Entries taken from a collection:
====

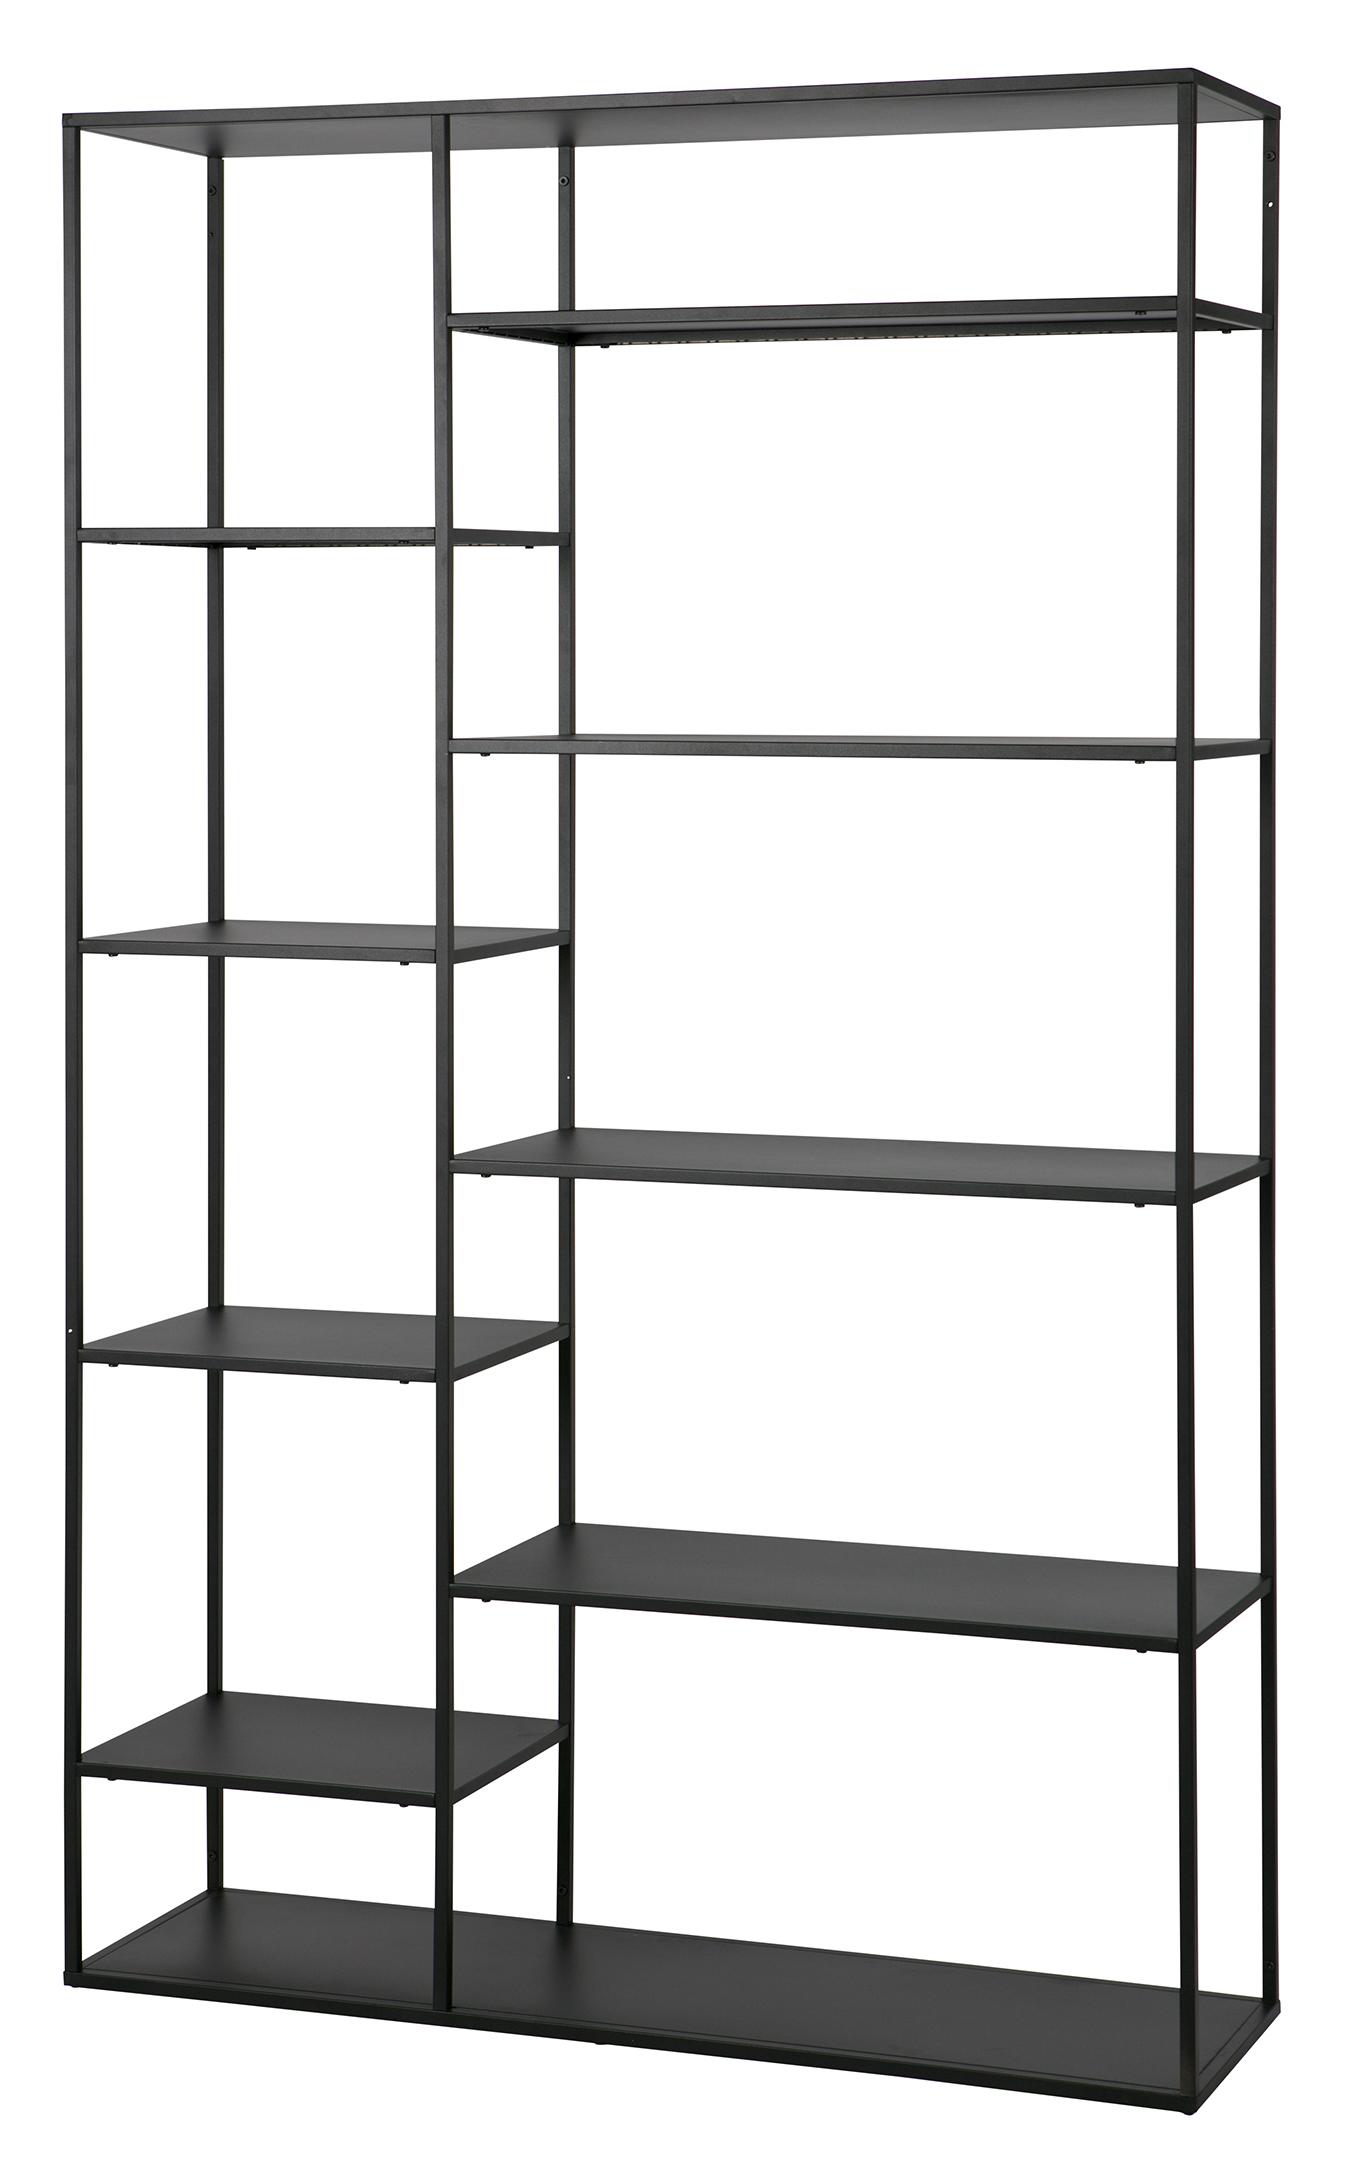 Woood Metalen Wandrek 'June' 120cm, kleur Zwart Kasten | Wandrekken & Wandkasten kopen
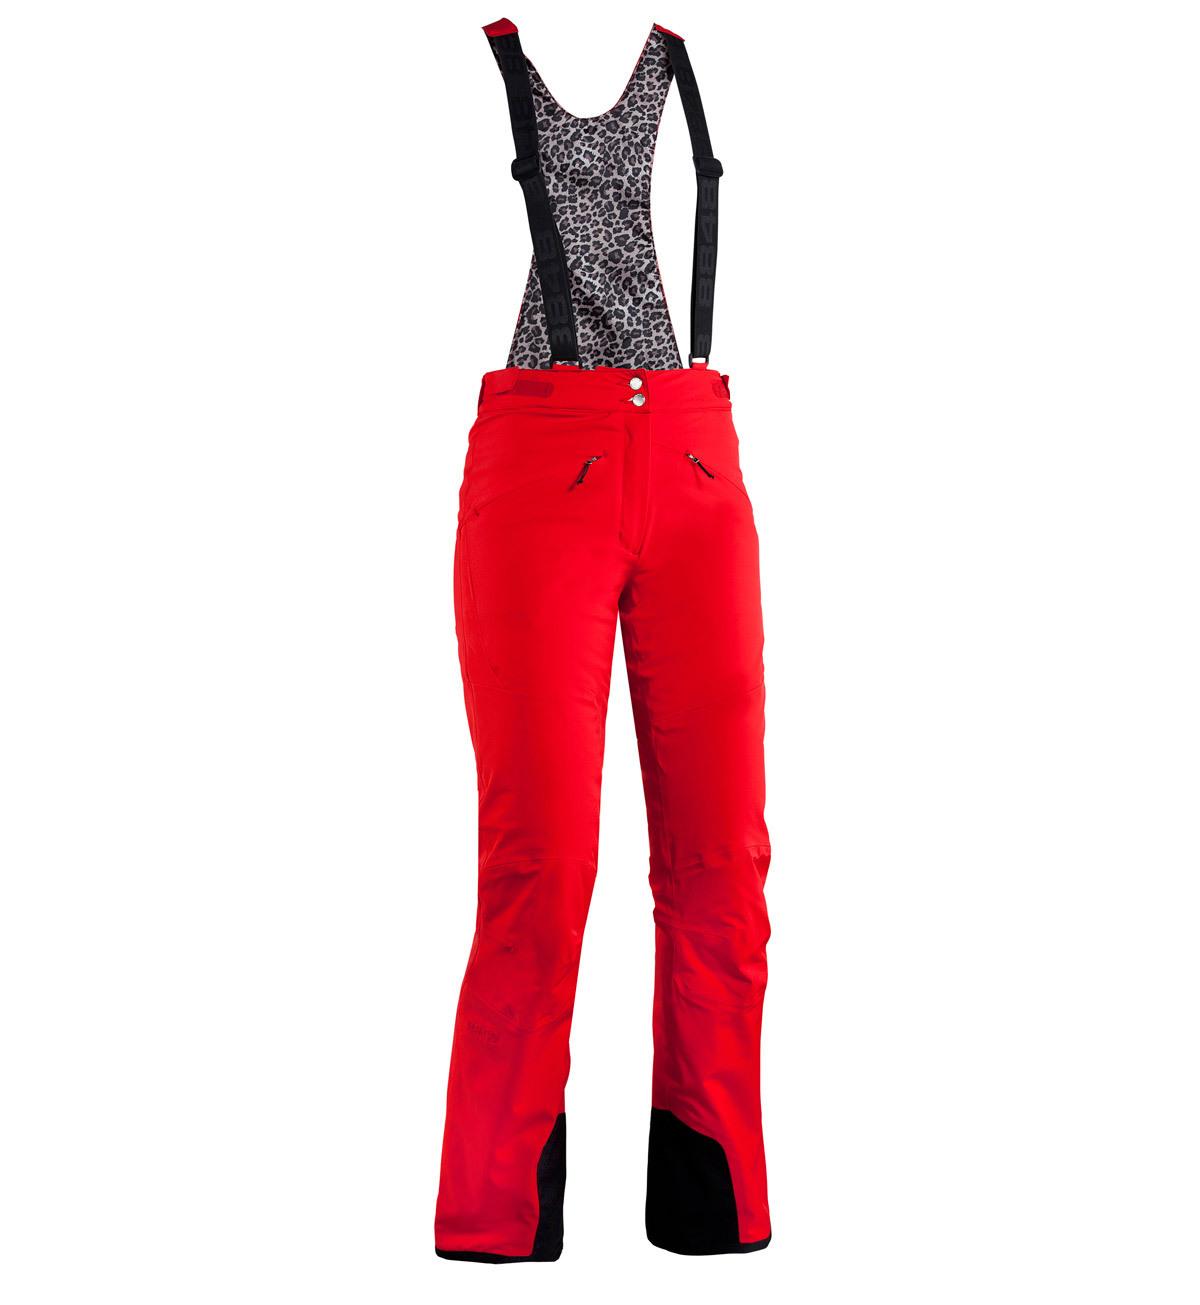 Брюки горнолыжные 8848 Altitude Poppy женские Red
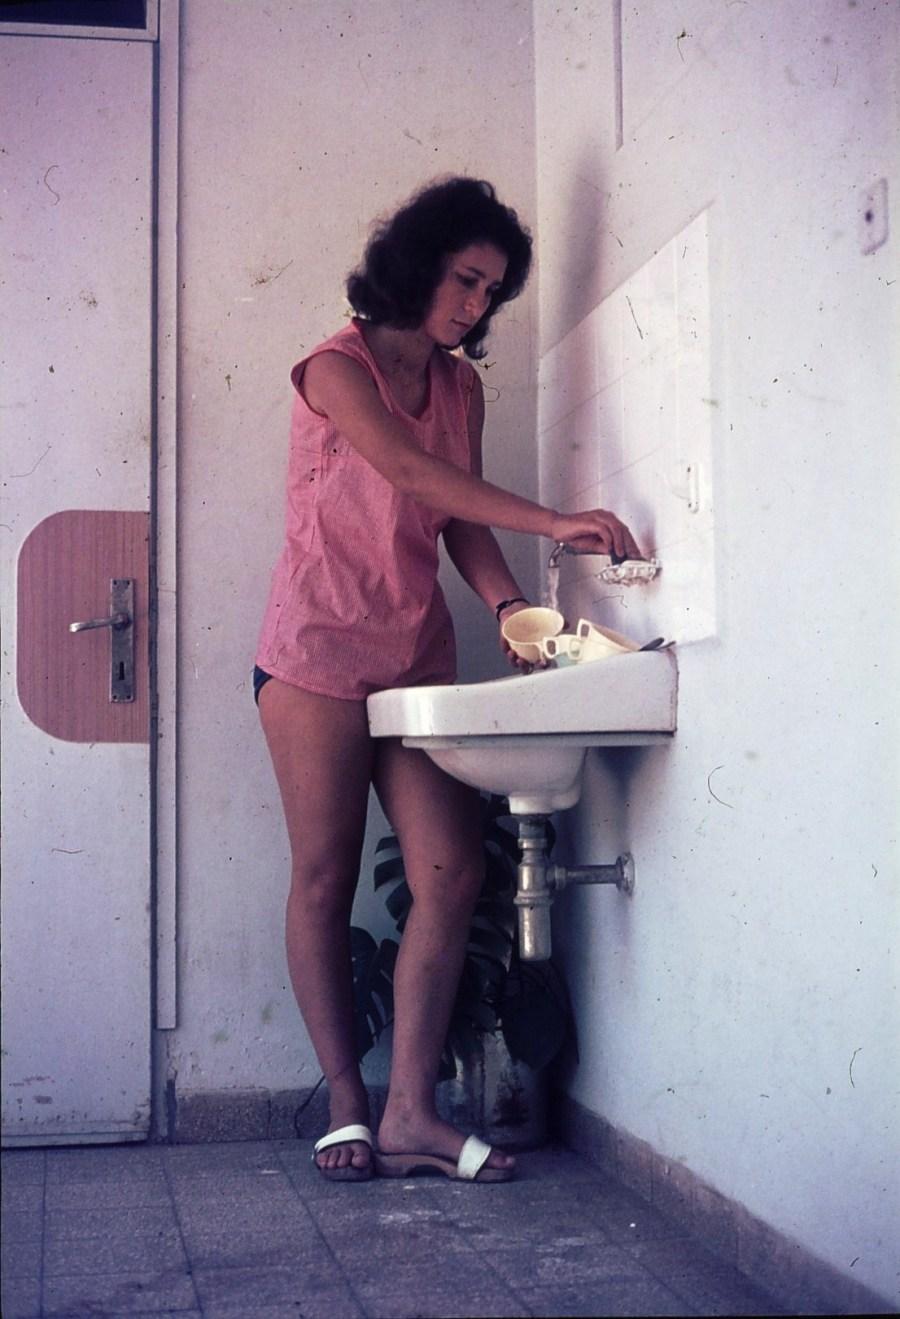 שקופית 14- 296 -ג'ש 1967-קב' חבצלת-עדה מרמלשטיין-ברדה
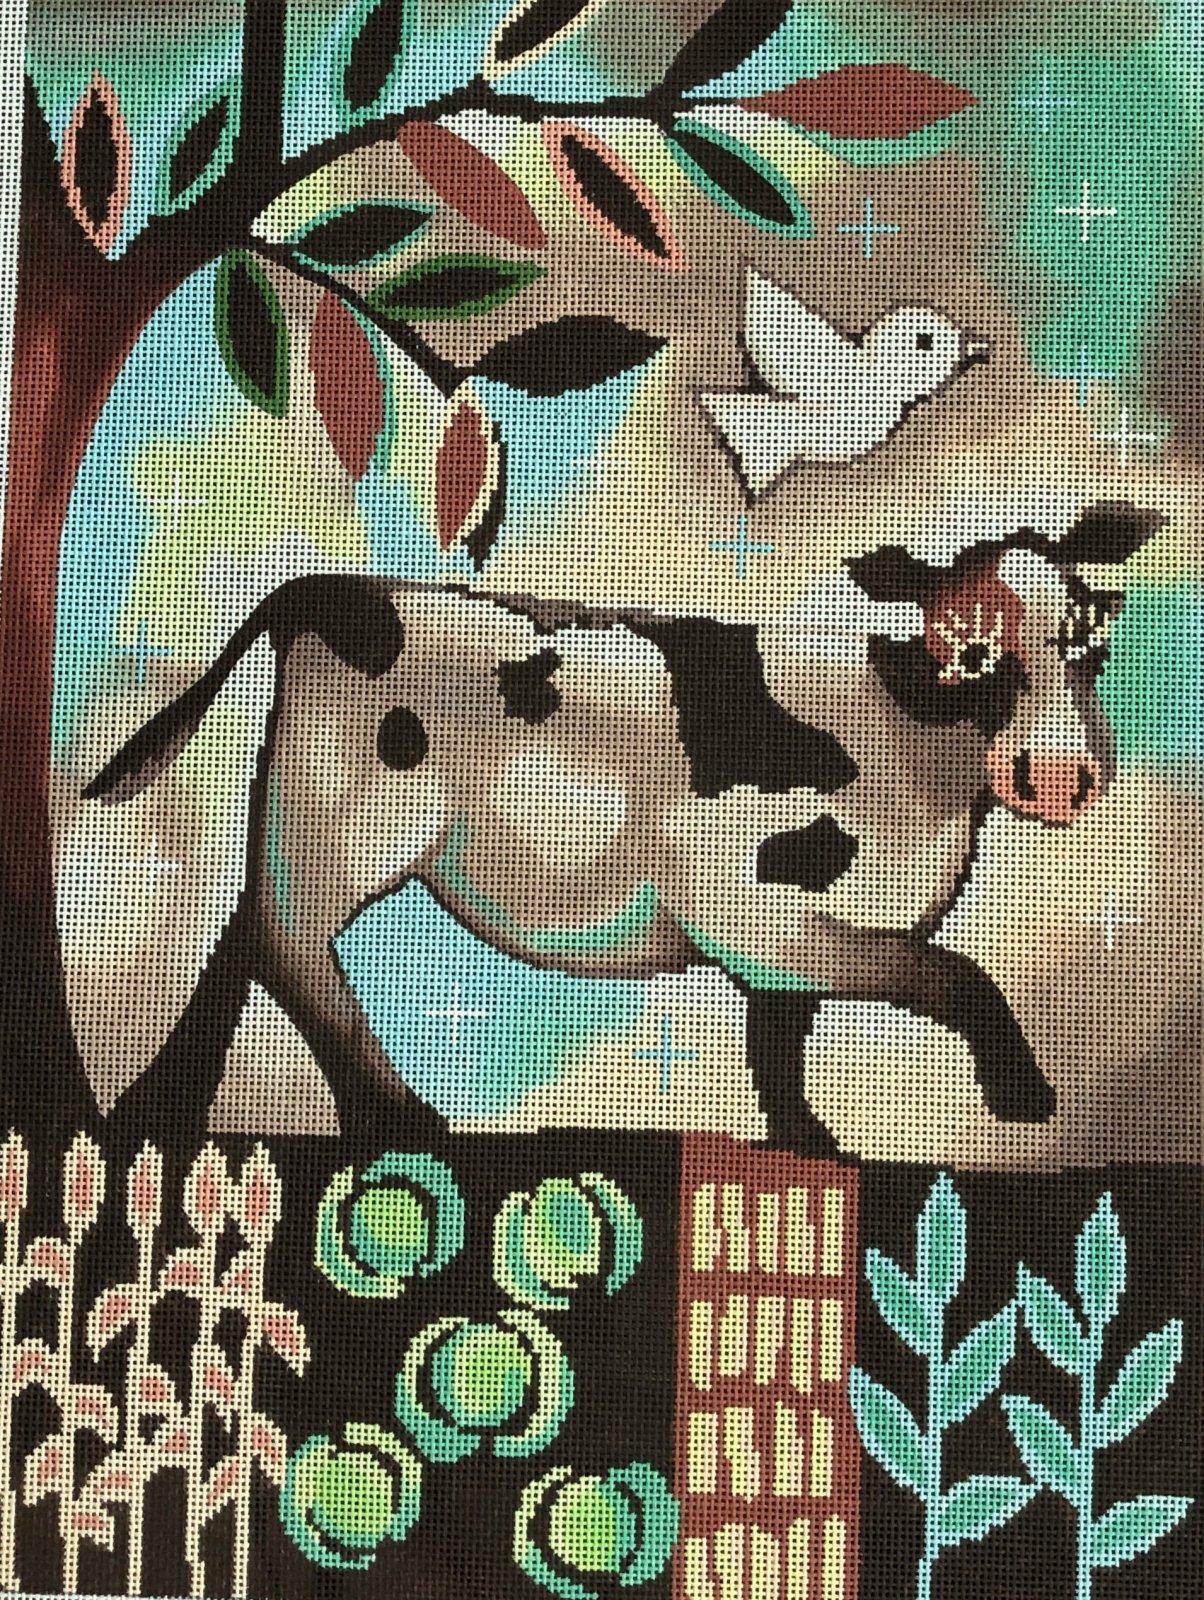 KS1 - COW IN GARDEN
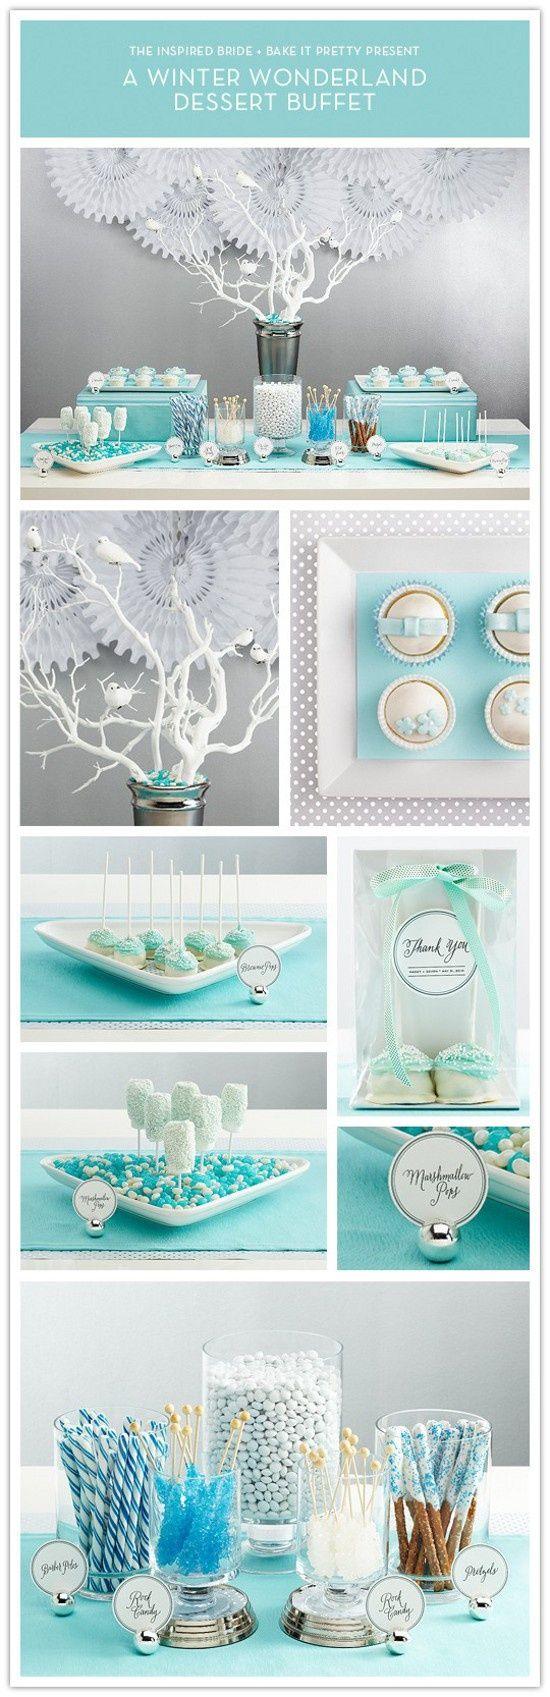 Engagement decoration. Decoração de casamento. #engagement #noivado #decoraçãonoivado #engagementdecoration www.casamentoduca.com.br/blog

====

• Work item: A faithful copy of the entries above is needed, one that contains no images.

• Solution below:
 Woood Metalen Wandrek 'June' 120cm, kleur Zwart Kasten | Wandrekken & Wandkasten kopen
 Брюки горнолыжные 8848 Altitude Poppy женские Red
 שקופית 14- 296 -ג'ש 1967-קב' חבצלת-עדה מרמלשטיין-ברדה
 KS1 - COW IN GARDEN
 Engagement decoration. Decoração de casamento. #engagement #noivado #decoraçãonoivado #engagementdecoration www.casamentoduca.com.br/blog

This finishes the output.